Sophia Genetics Increases UK Footprint
Five healthcare institutions partner with Sophia Genetics to use their genetic analysis platform.
Anyone who has had the pleasure of speaking with Sophia Genetics’ CEO & Co-Founder, Jurgi Camblong, knows that he is a man on a mission to bring us closer to data driven medicine. The company has been leveraging machine learning technology and sophisticated algorithms to help address one of the biggest bottlenecks in clinical genomics. Now that NGS has become comparably affordable, more and more hospitals are able to employ it. What Sophia Genetics are doing, is helping those hospitals interpret that data with confidence. This is where their platform really comes into its own, by using stored data to help improve those algorithms and account for any biases in the technology being used.

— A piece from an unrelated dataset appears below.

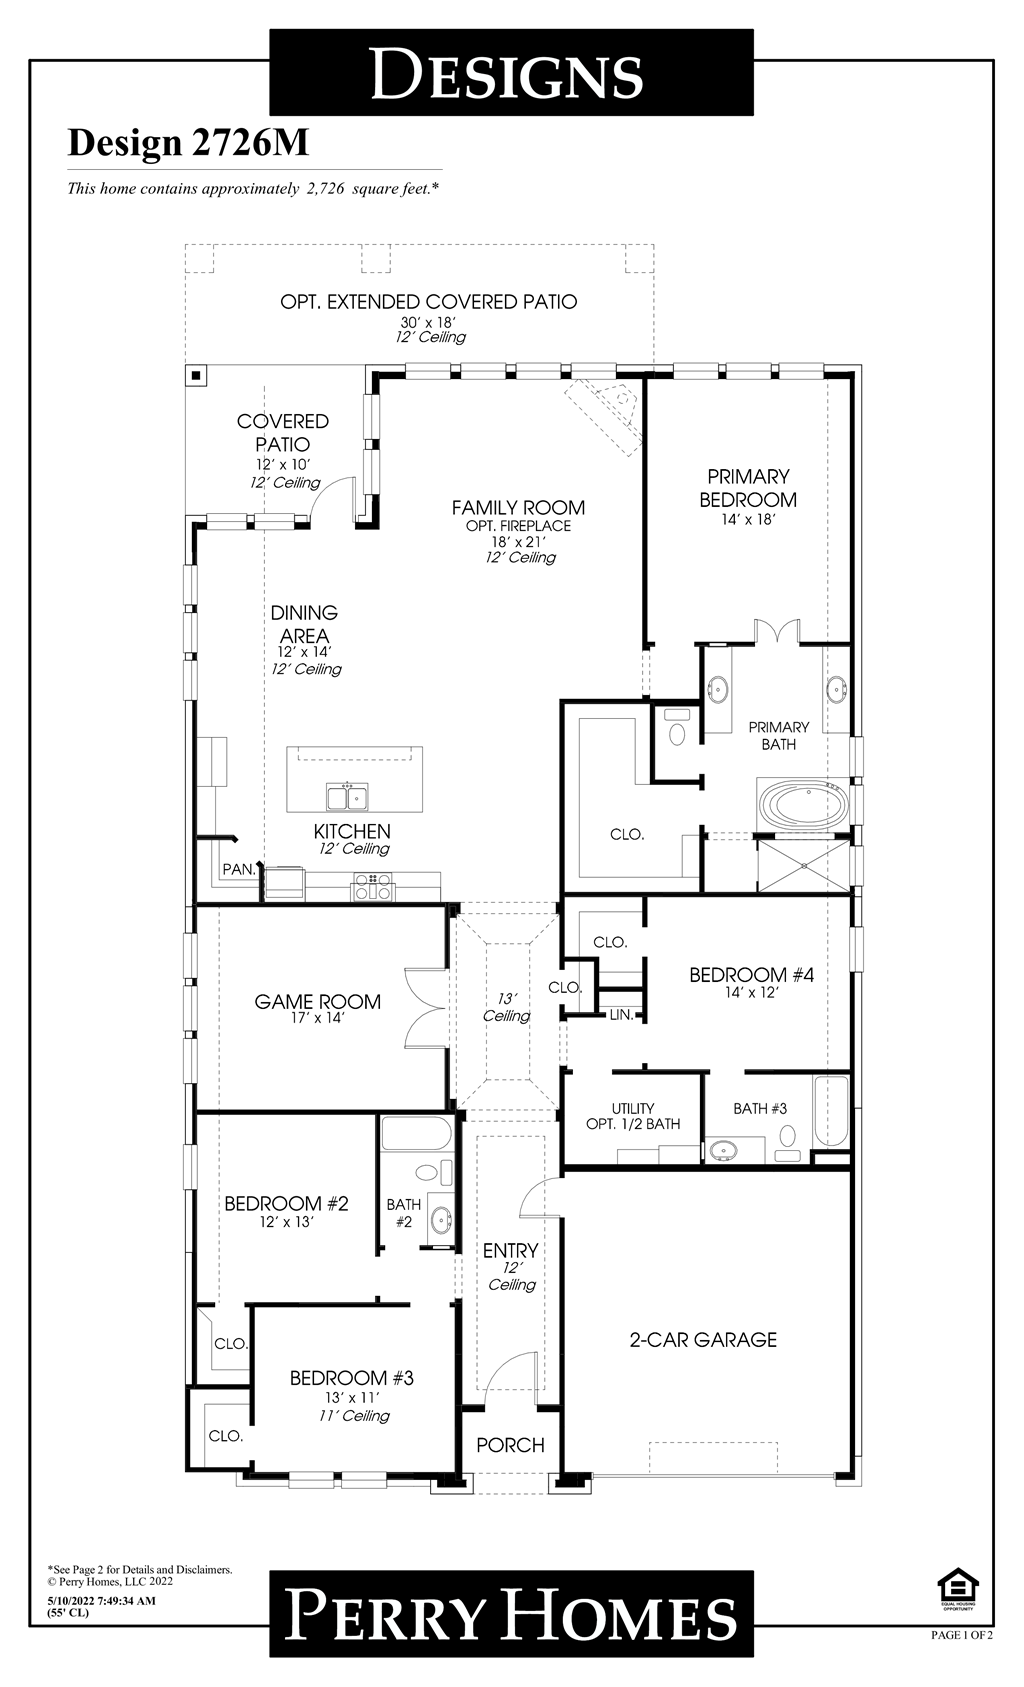 Floor Plan for 2726M

Having hit the big meetings in the US at the start of the year, the company is currently out at ESHG in Glasgow at the moment, where they have just announced five new partnerships with British healthcare institutions. Oxford University Hospital, Newcastle Medical Genetics, Aberdeen Medical Genetics, Liverpool Women’s NHS Foundation Trust and NewGene (the Northern Genetics Service) will be making use of the Sophia Genetics Data Driven Medicine Platform, with the aim of offering patients the best chance of diagnosis and treatment.

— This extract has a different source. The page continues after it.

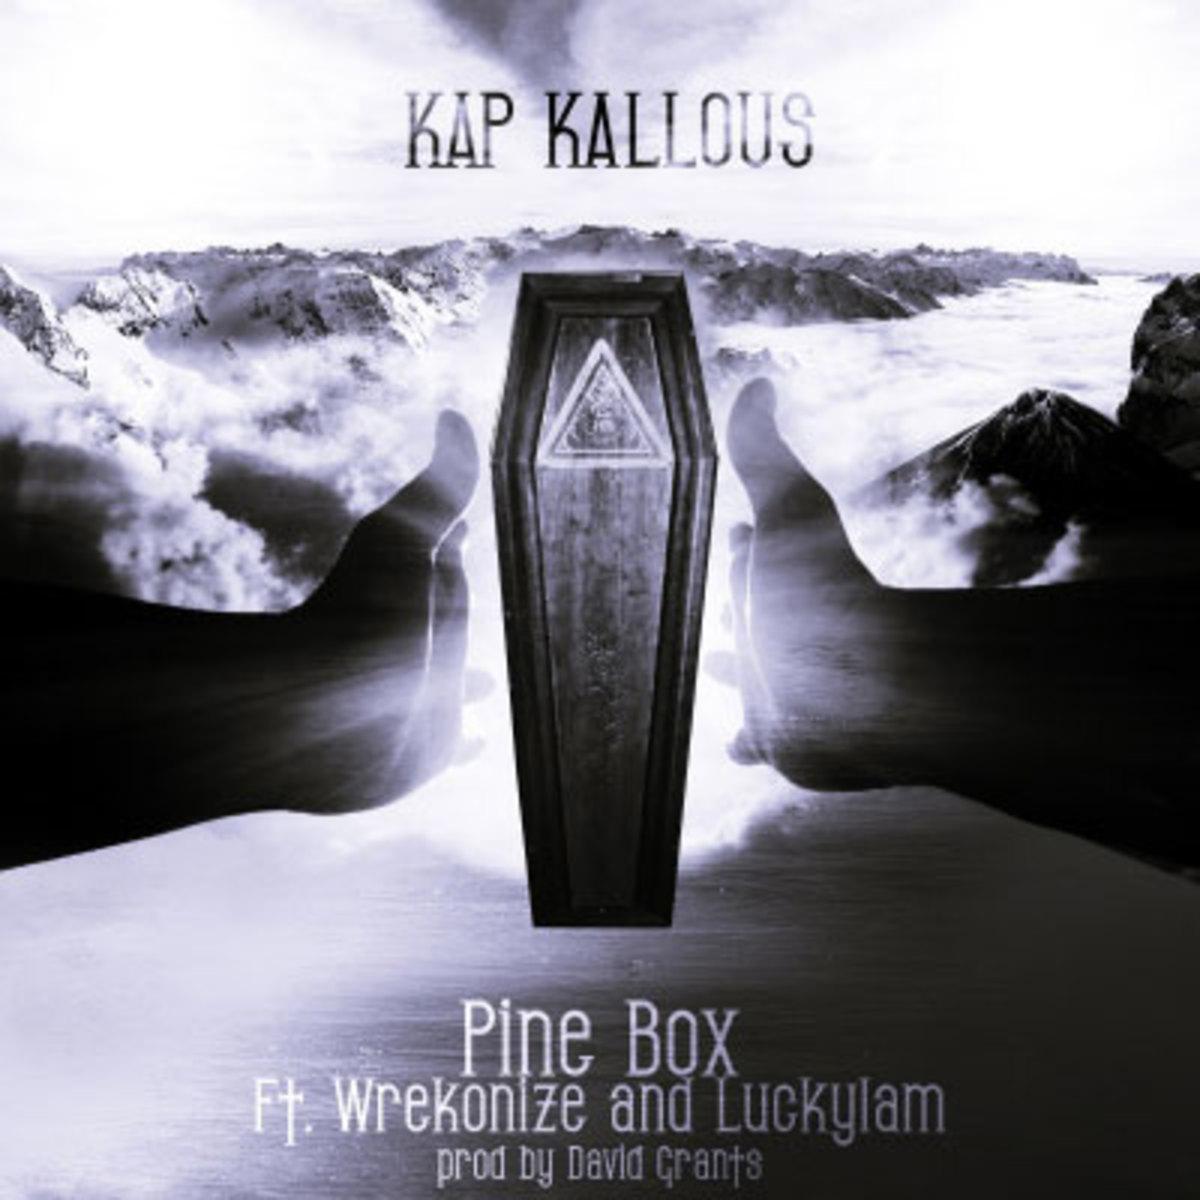 kap-kallous-pine-box.jpg

Anneke Seller, Consultant Director of Genetics, Oxford University Hospital: “Increasing use of Next Generation Sequencing testing in the clinic is inevitable. Sophia Genetics understands our clinical needs.”
Gavin Cuthbert, Head of Cancer Cytogenetics Service, NewGene (Northern Genetics Service) said: “Sophia Genetics came highly recommended. We are currently working to validate our NGS workflow utilising their technical support and data analysis and have been impressed by their products and services.”
Angele Silmon, CEO of NewGene (Northern Genetics Service): “We have always found Sophia Genetics easy to work with. Their thorough and professional approach to data analysis and process validation has allowed us to explore a wider range of NGS diagnostic tools than would otherwise have not been possible in such a quick time frame.”
Christine Bell, Healthcare Scientist and Principal Consultant, Aberdeen Medical Genetics: “Working with Sophia Genetics has allowed us to investigate and validate this gene panel more quickly and with greater confidence than we could have done on our own, speeding up the process of introducing the new NGS test to our routine service.”
There are now 55 institutions working with Sophia Genetics across Europe.